## Your task
Give an exact copy of the data that follows, but none of its pictures.

## Information shown
↓

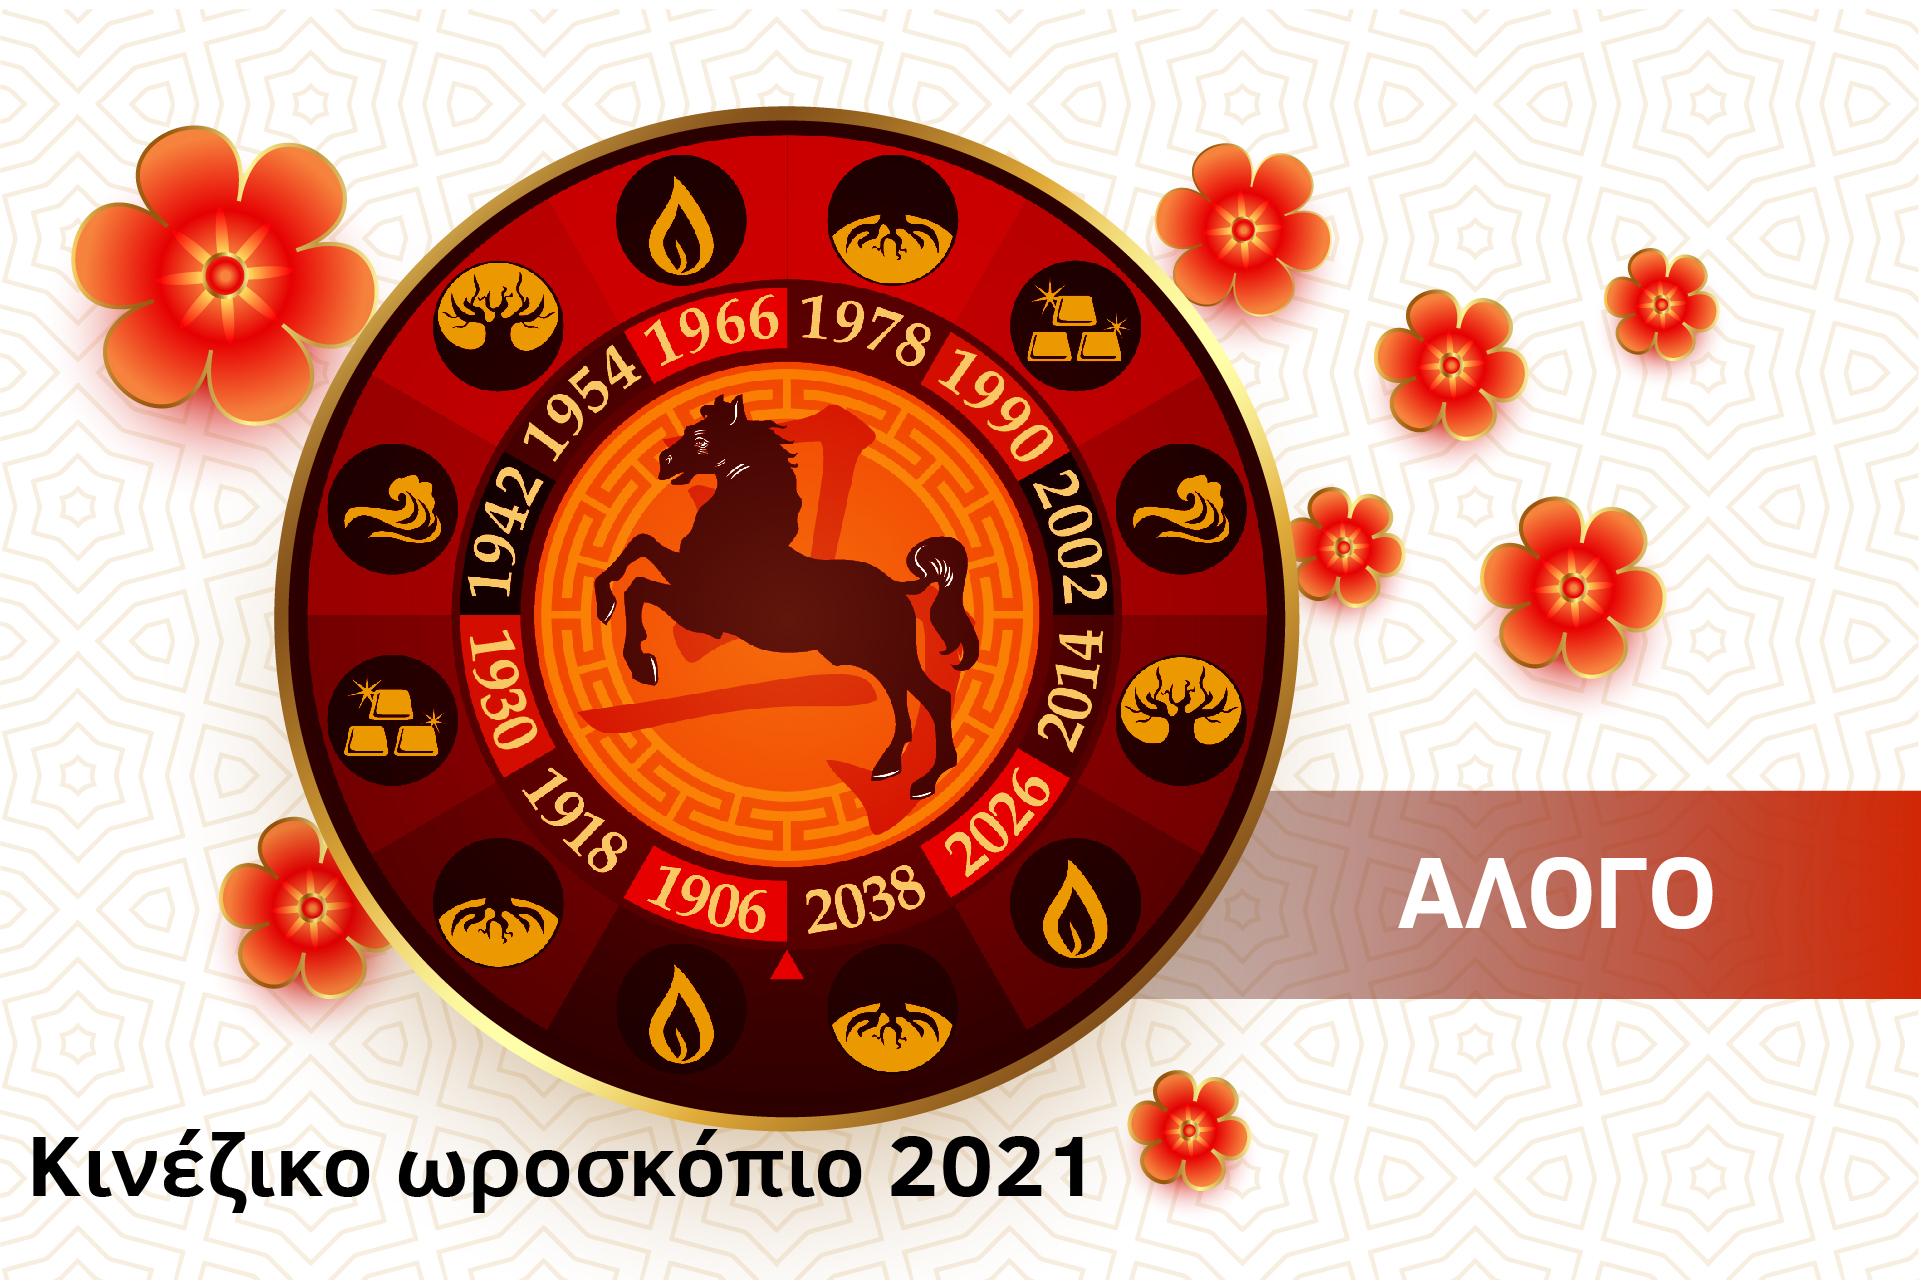 Άλογο 2021 – Κινέζικο Ωροσκόπιο
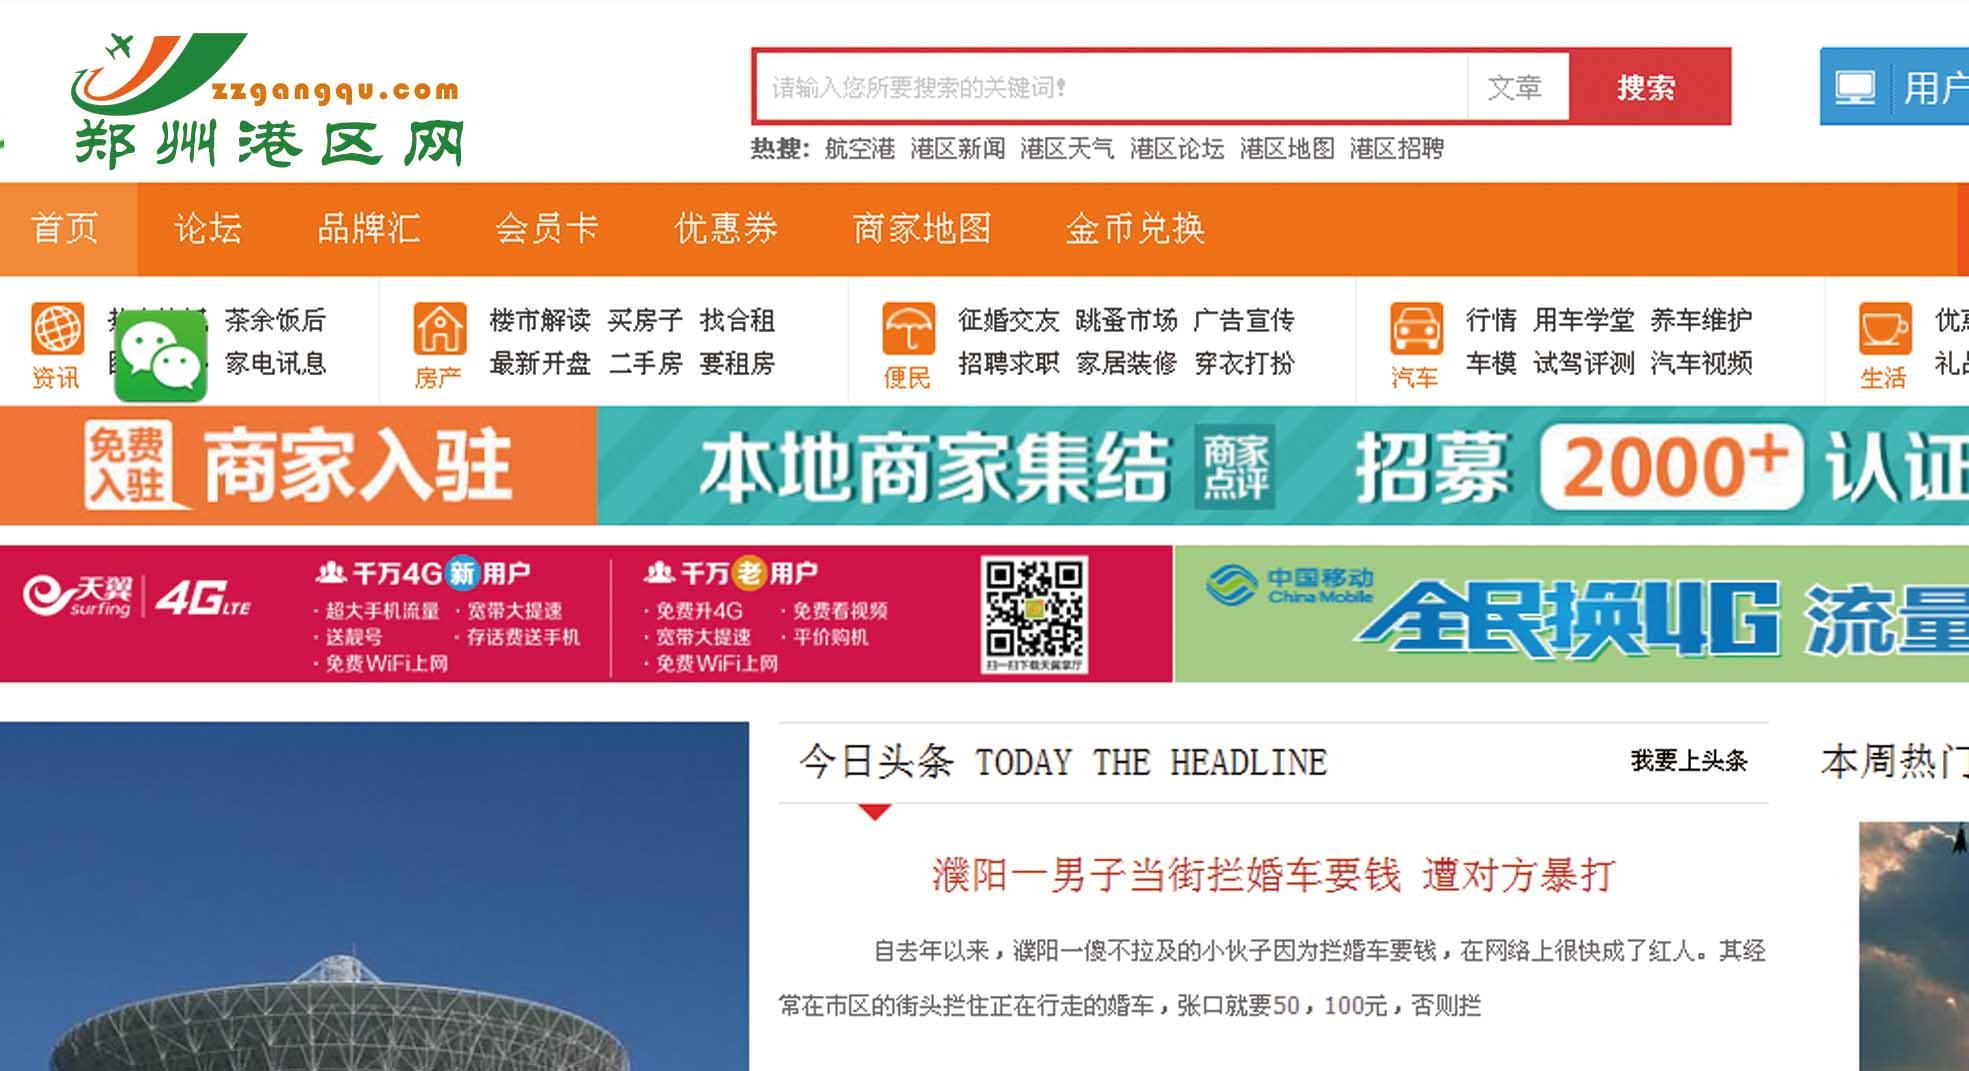 郑州港区网航空港门户LOGO设计_2934962_k68威客网
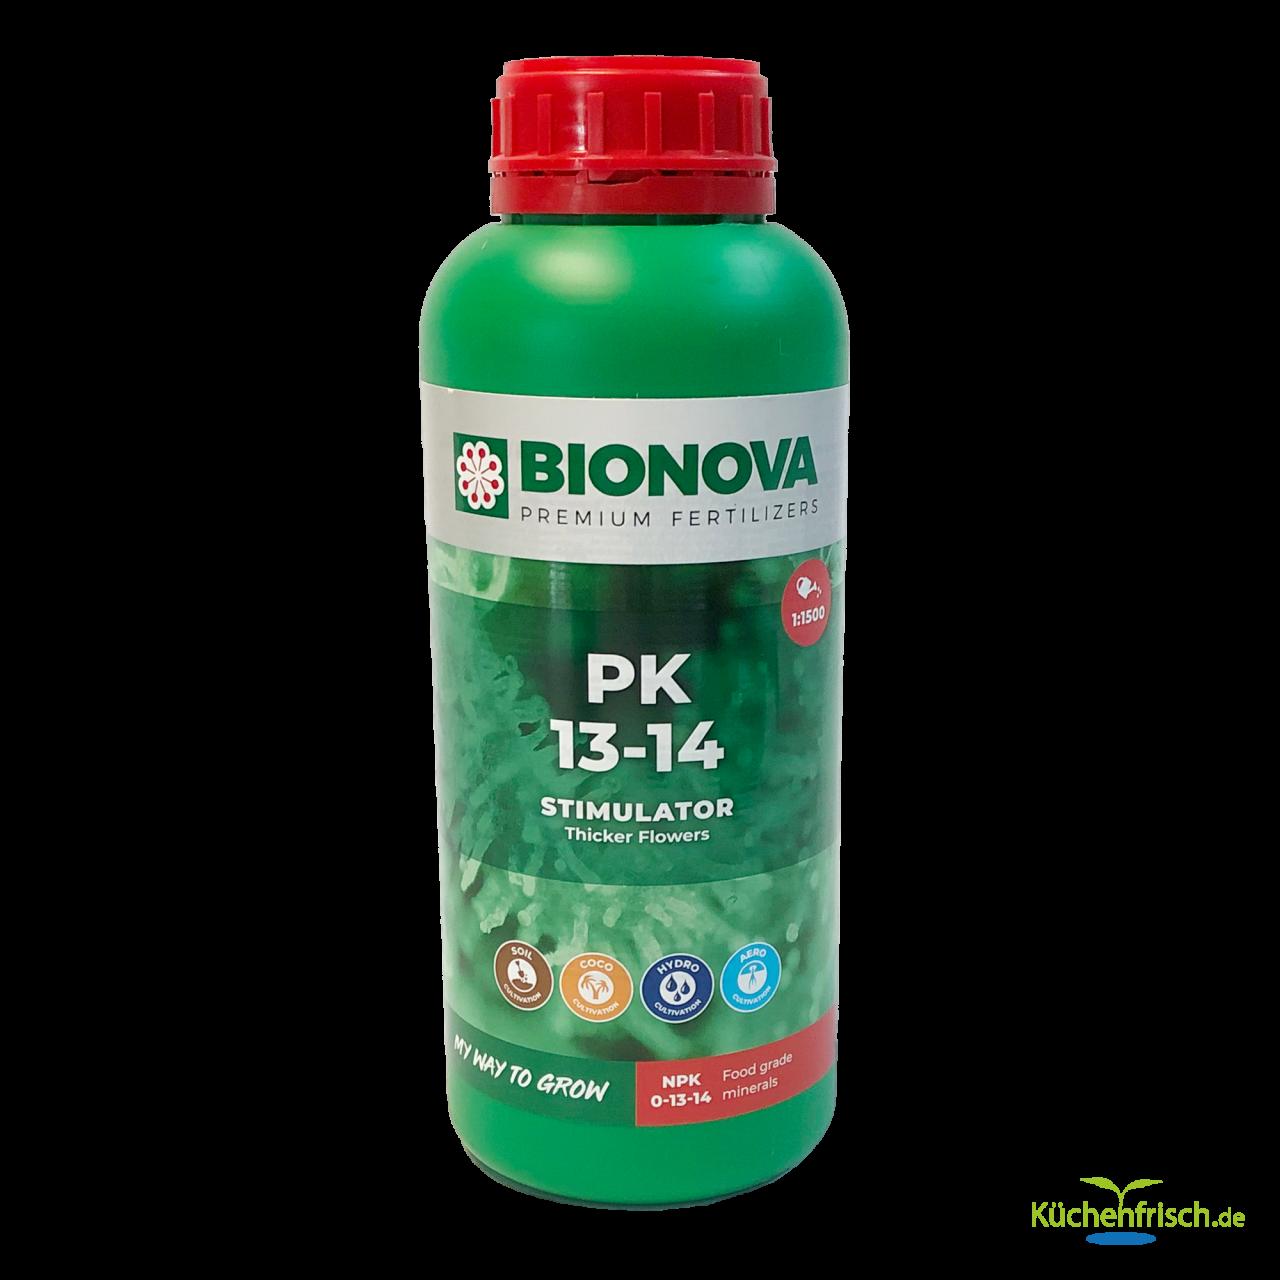 BIONOVA PK 13-14 Stimulator
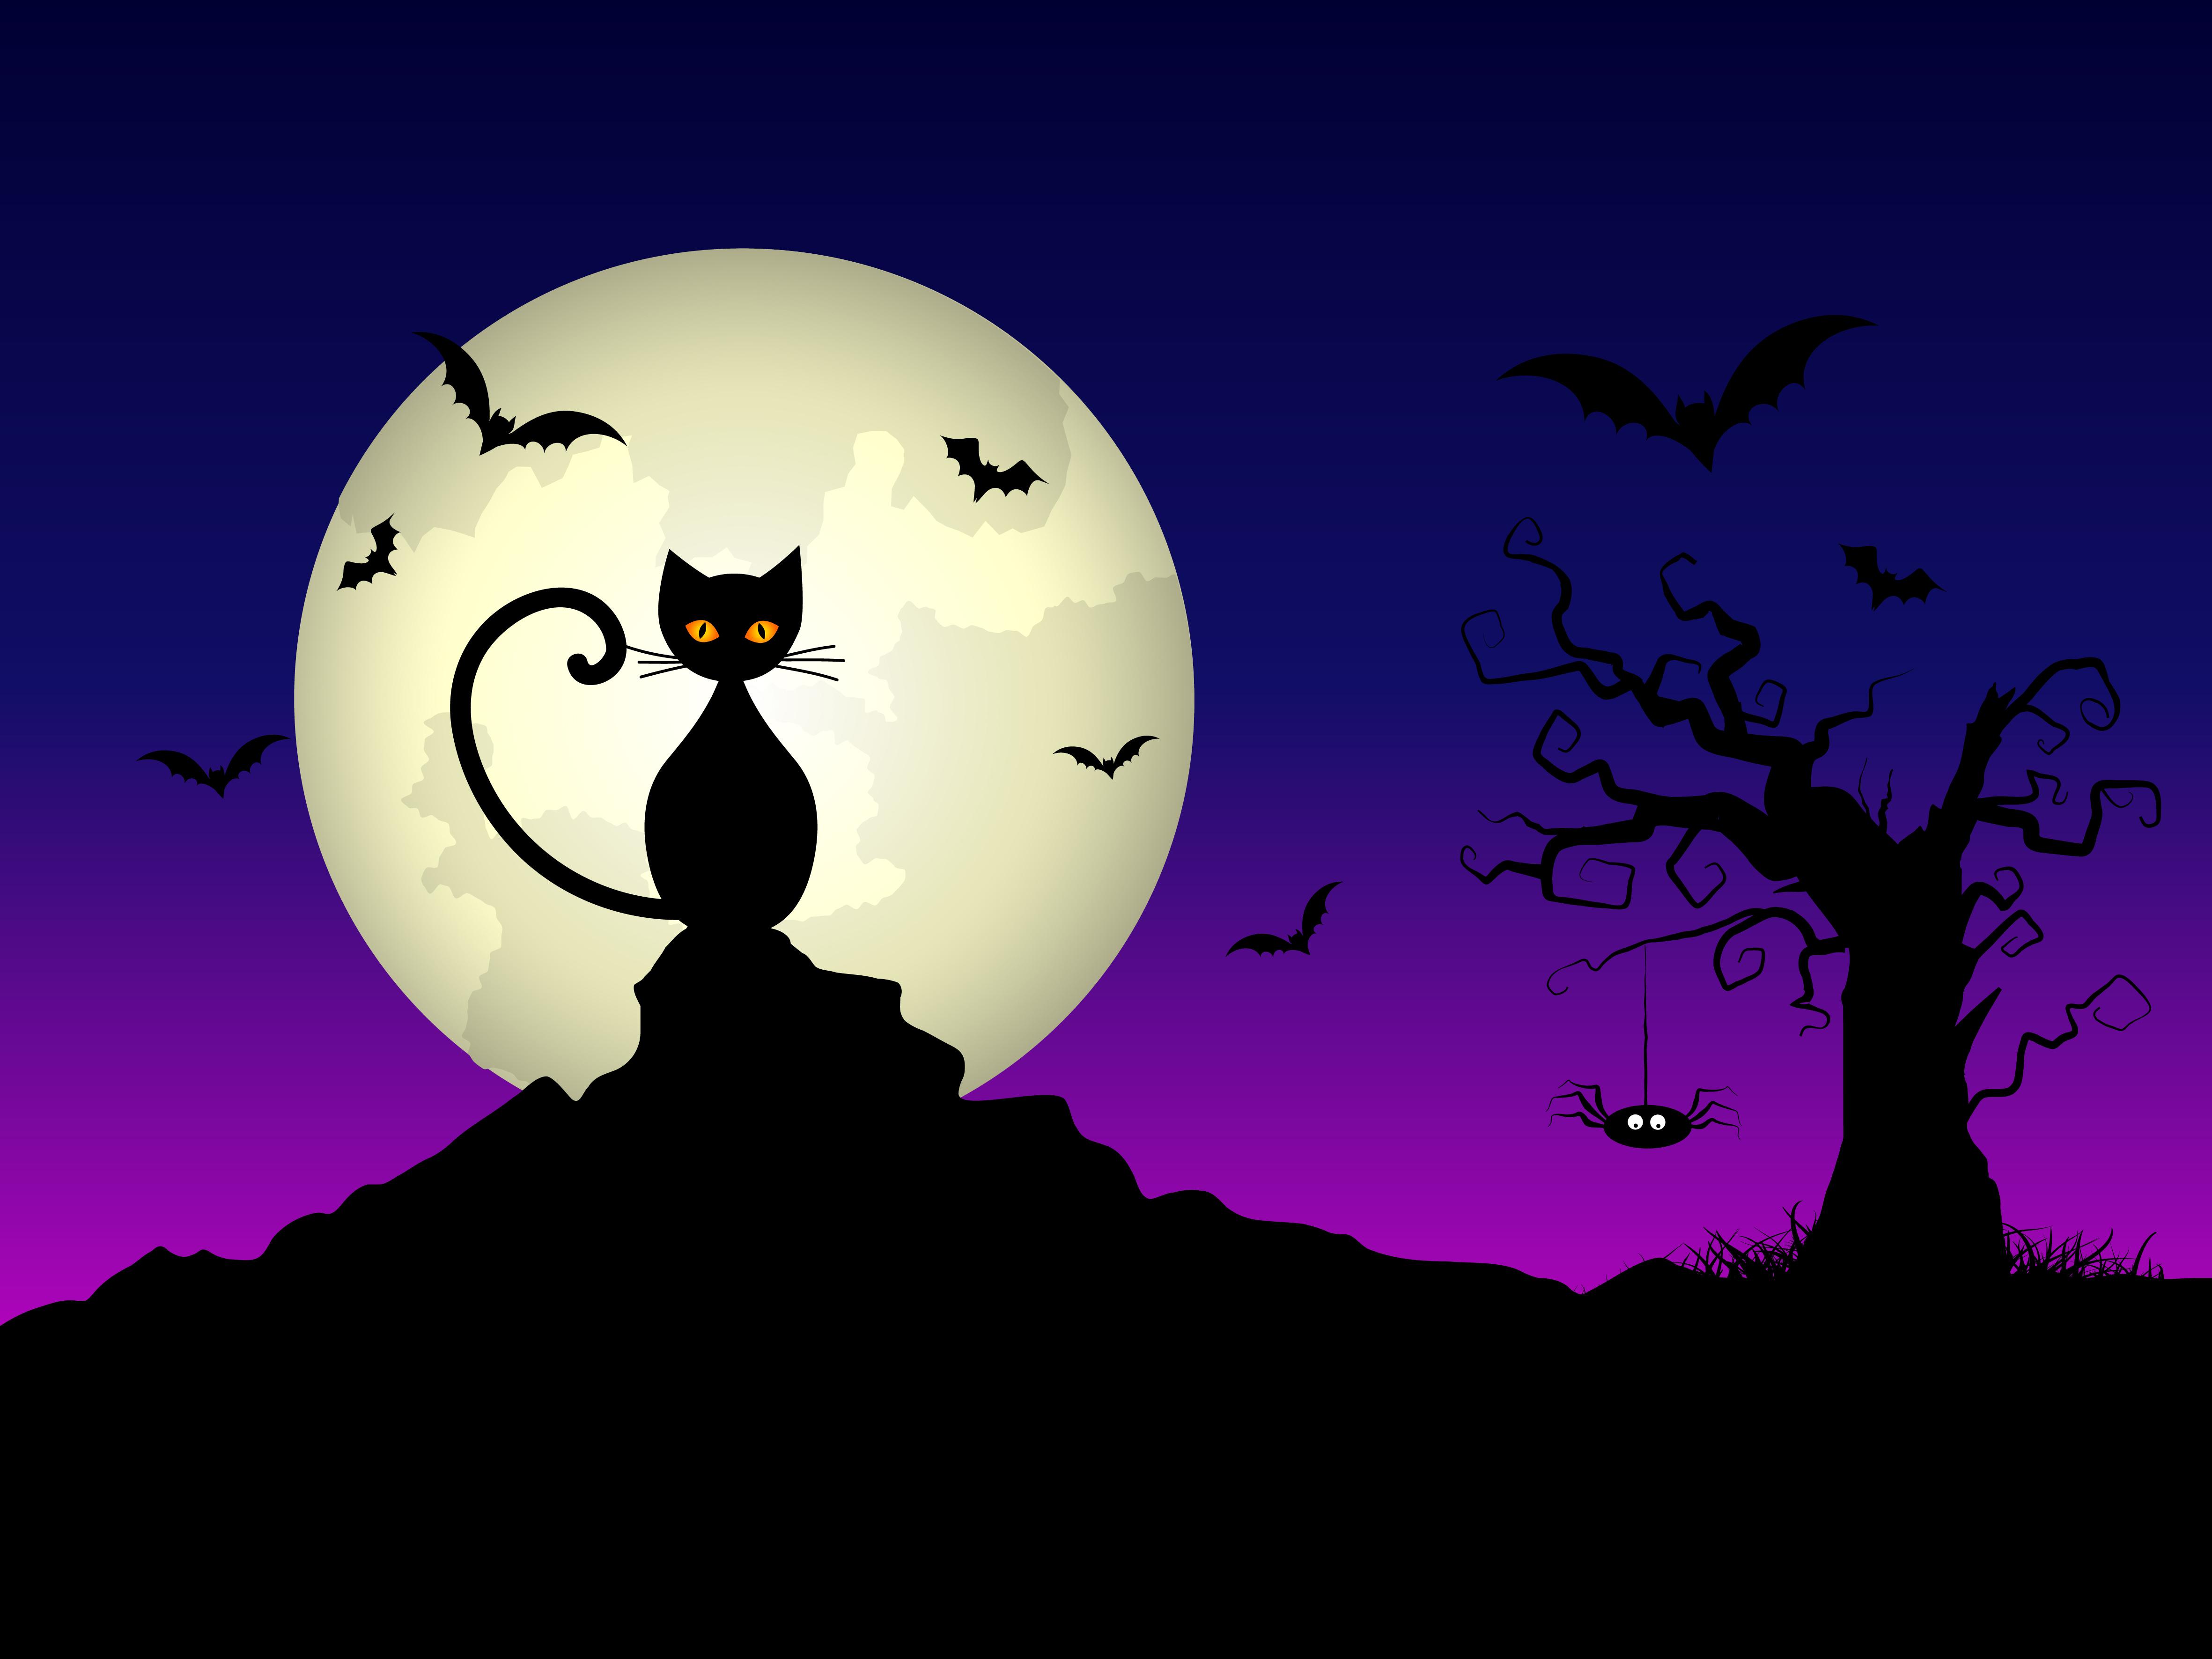 Halloween night background - Download Free Vectors ...

↑

## Expected output
 Άλογο 2021 – Κινέζικο Ωροσκόπιο
 郑州港区网航空港门户LOGO设计_2934962_k68威客网
 BIONOVA PK 13-14 Stimulator
 Halloween night background - Download Free Vectors ...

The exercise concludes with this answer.